Eight LEDs make a 100-division voltmeter
Use a counter IC to drive two sets of four LEDs.
Raju Baddi, Tata Institute of Fundamental Research, Pune University, Maharashtra, India; Edited by Paul Rako and Fran Granville -- EDN, September 22, 2011
The circuit in this Design Idea makes a voltmeter that reads to 0.99V. The idea uses a counter IC to drive two sets of four LEDs (Figure 1). Each of these two sets represents a BCD (binary-coded-decimal) value. With all of the LEDs off, the voltmeter reads 0V. With all of the LEDs on, the reading is 0.99V. Op amp IC1A generates a predictable voltage ramp.
Click to enlarge
You use op amp IC1B as a comparator
to compare the ramp to an input signal.
The higher the input voltage, the longer
the output pulse from IC1B is. You use
this pulse to gate free-running oscillator
IC2B. A potentiometer on this multivibrator
circuit allows you to adjust the
full-range count. The voltmeter has a
maximum input of 1V and uses three
dual-part packages. You make output
counter IC3 work as a two-digit counter
by strapping the enable pin of the IC3B
part to the MSB (most-significant-bit)
output of the IC3A part.
A dual op amp is used to create the
comparator function and the ramp
generator. The design also uses a dual
555-type timer chip. You use IC2A to create the ramp and to reset it and
the output counter, and you use IC2B
as a free-running oscillator that drives
the counter chip. To blank the output
LEDs when the chip is counting,
Q3 disables drive current to the LEDs
when IC3 is incrementing. You use IC4
to derive a reference of 2.5V.Tests of the design use TL084 op amps, but you can also use an LM358. A top view of the 15×15-hole prototype board shows component placement (Figure 2a). Figure 2b shows a bottom view of the board, with the connection and three resistors. You might use flat-green LEDs with the sides painted black or covered with black-plastic sleeves for good visibility.
Click to enlarge
Talkback
-
This idea is a replacement for moving coil meter. But of
course in conjunction with an OPAmp and/or RC filter.
-Raju Baddi
Raju Baddi - 2011-15-10 02:29:34 PDT -
Please Note:
1) This circuit works with a single supply of 5 to 5.5V.

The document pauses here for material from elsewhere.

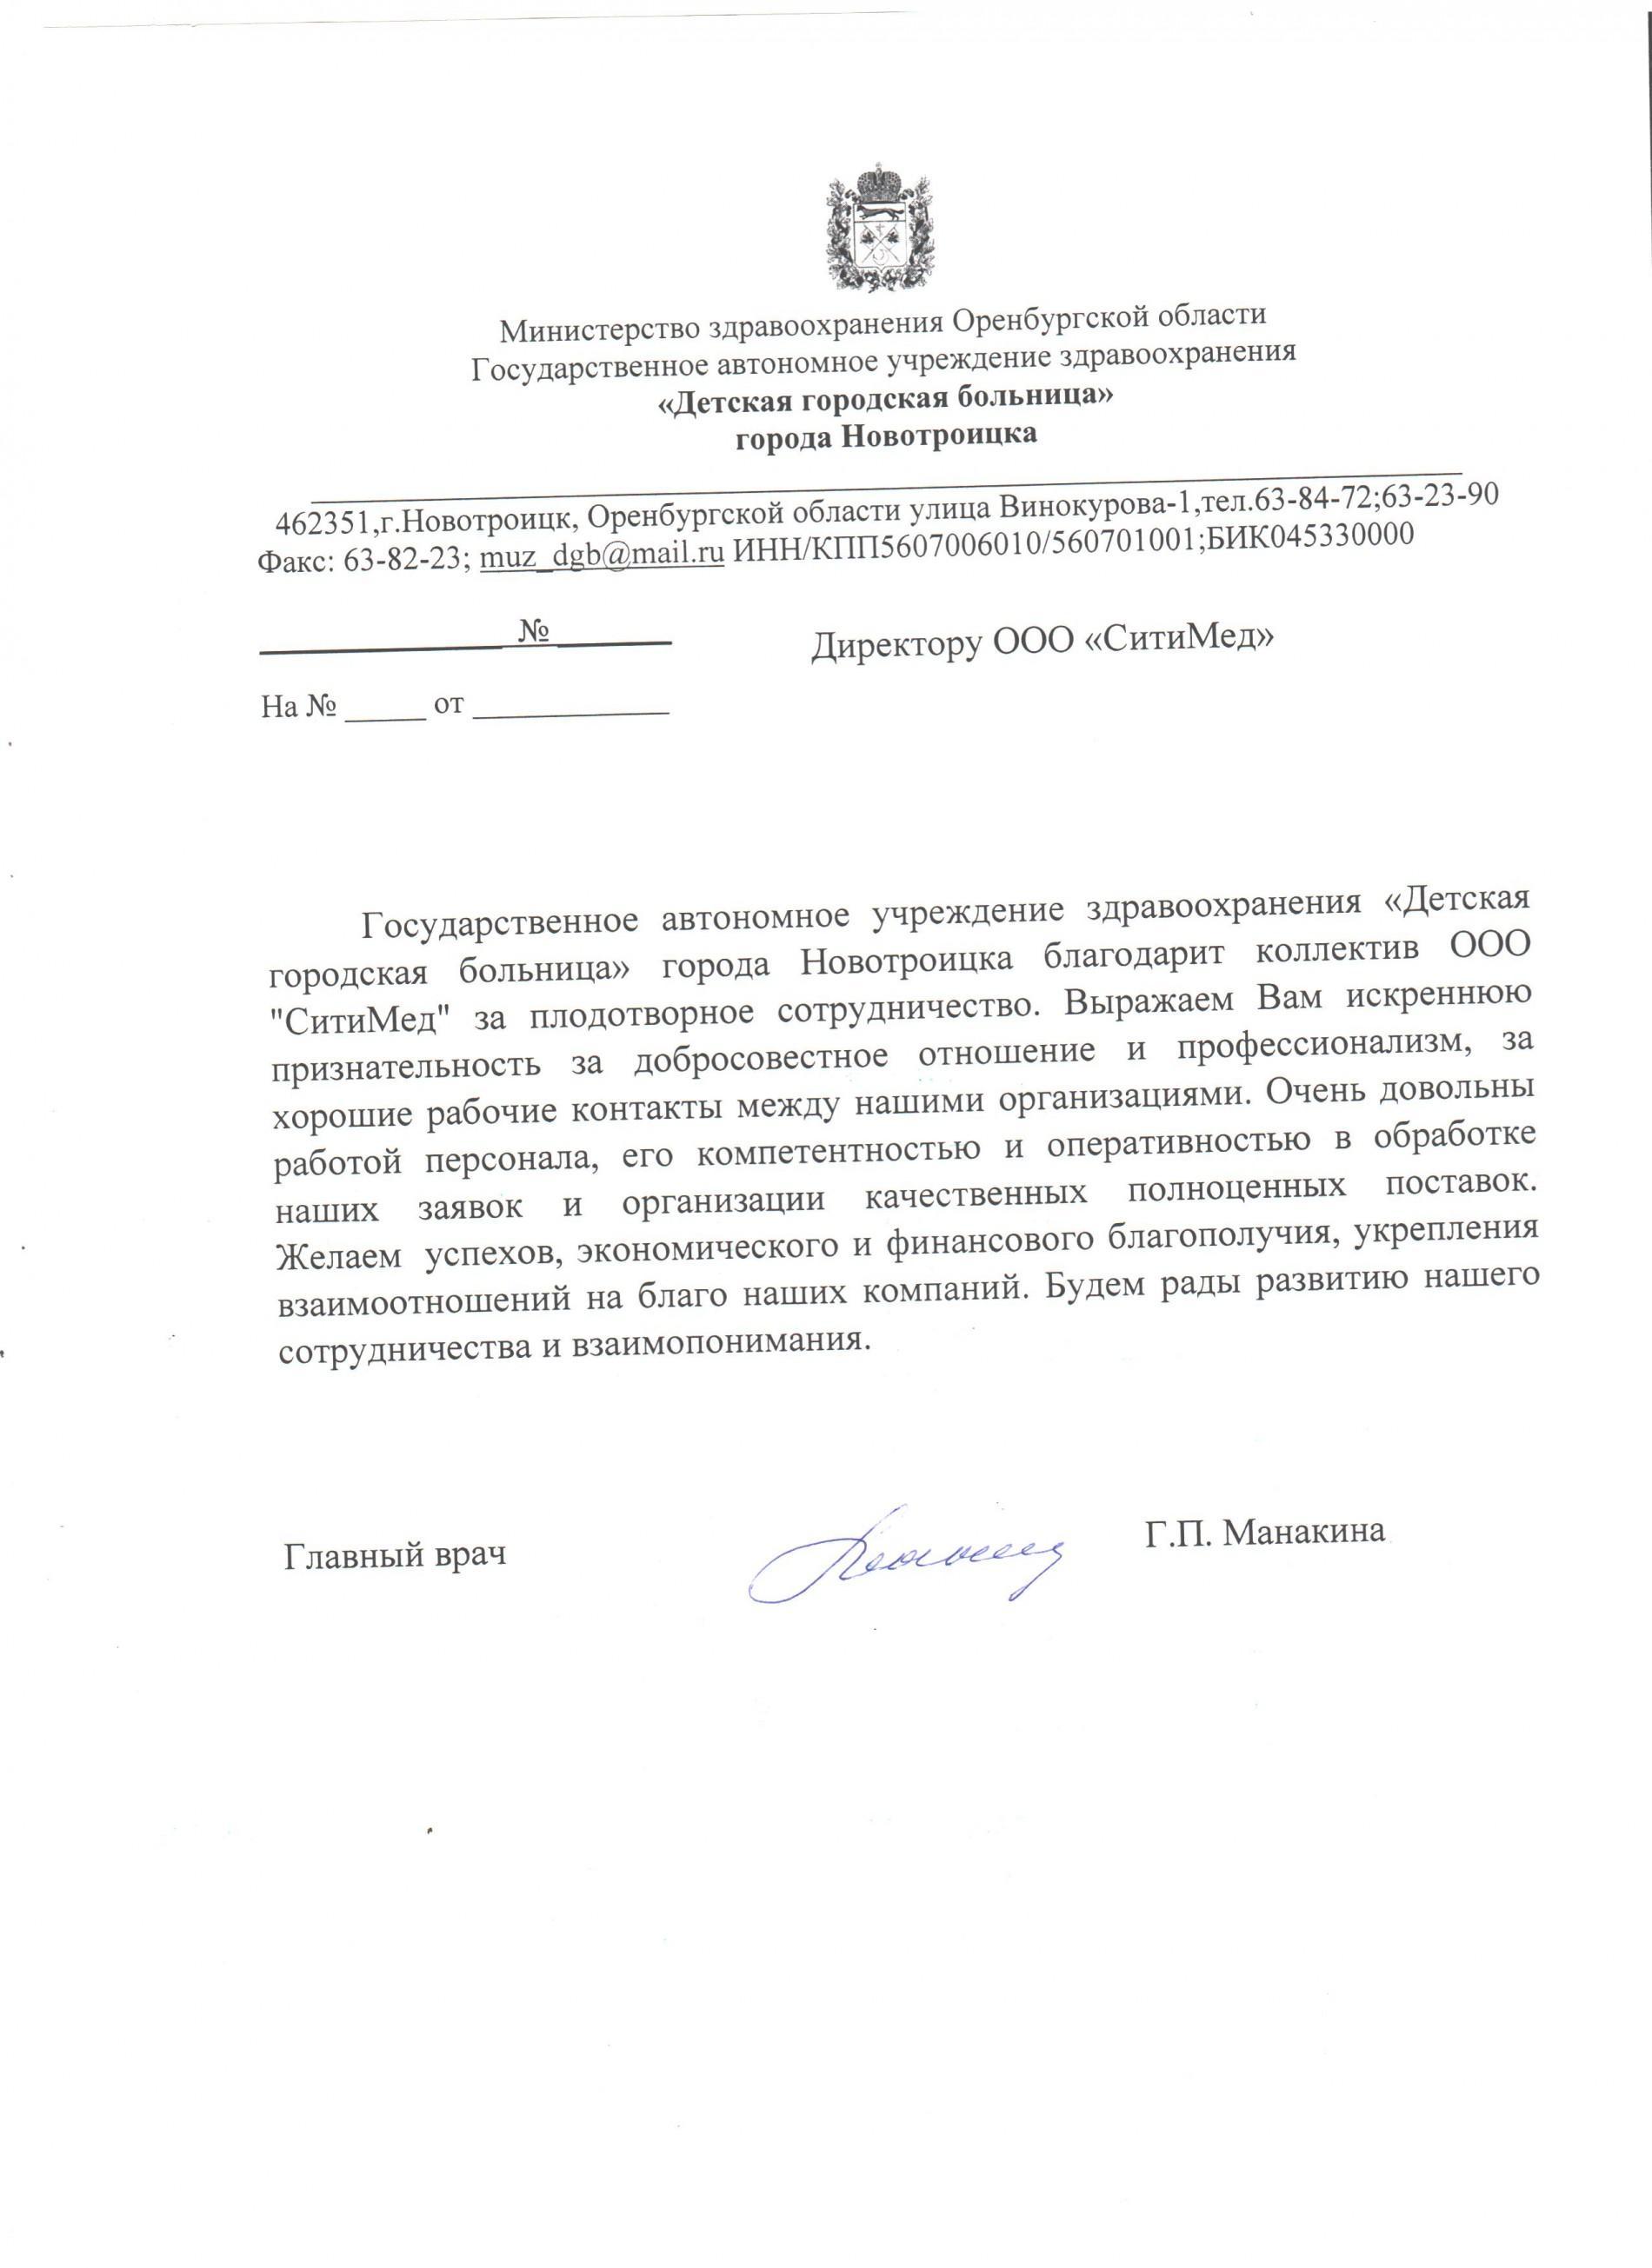 Поставка медицинского оборудования в Крым

2) Input voltage is with respect to the reference voltage of 2.5V.
3) The -2.5V should be 0V.
Further if there are any queries perhaps refering the
circuit layout may help.
Raju Baddi - 2011-14-10 09:32:08 PDT -
1. The Ramp (output of IC1A) will be in the range from min=2.5V if Q2 is closed to max=~3V (Q2 is open, C3 is charged and IC1A output is saturated). The input voltage coming to IC1B according to the IFD is 0..1V. So the comparator IC1B will never see the inputs cross (one input is within 0...1V, another within 2.5V...3V)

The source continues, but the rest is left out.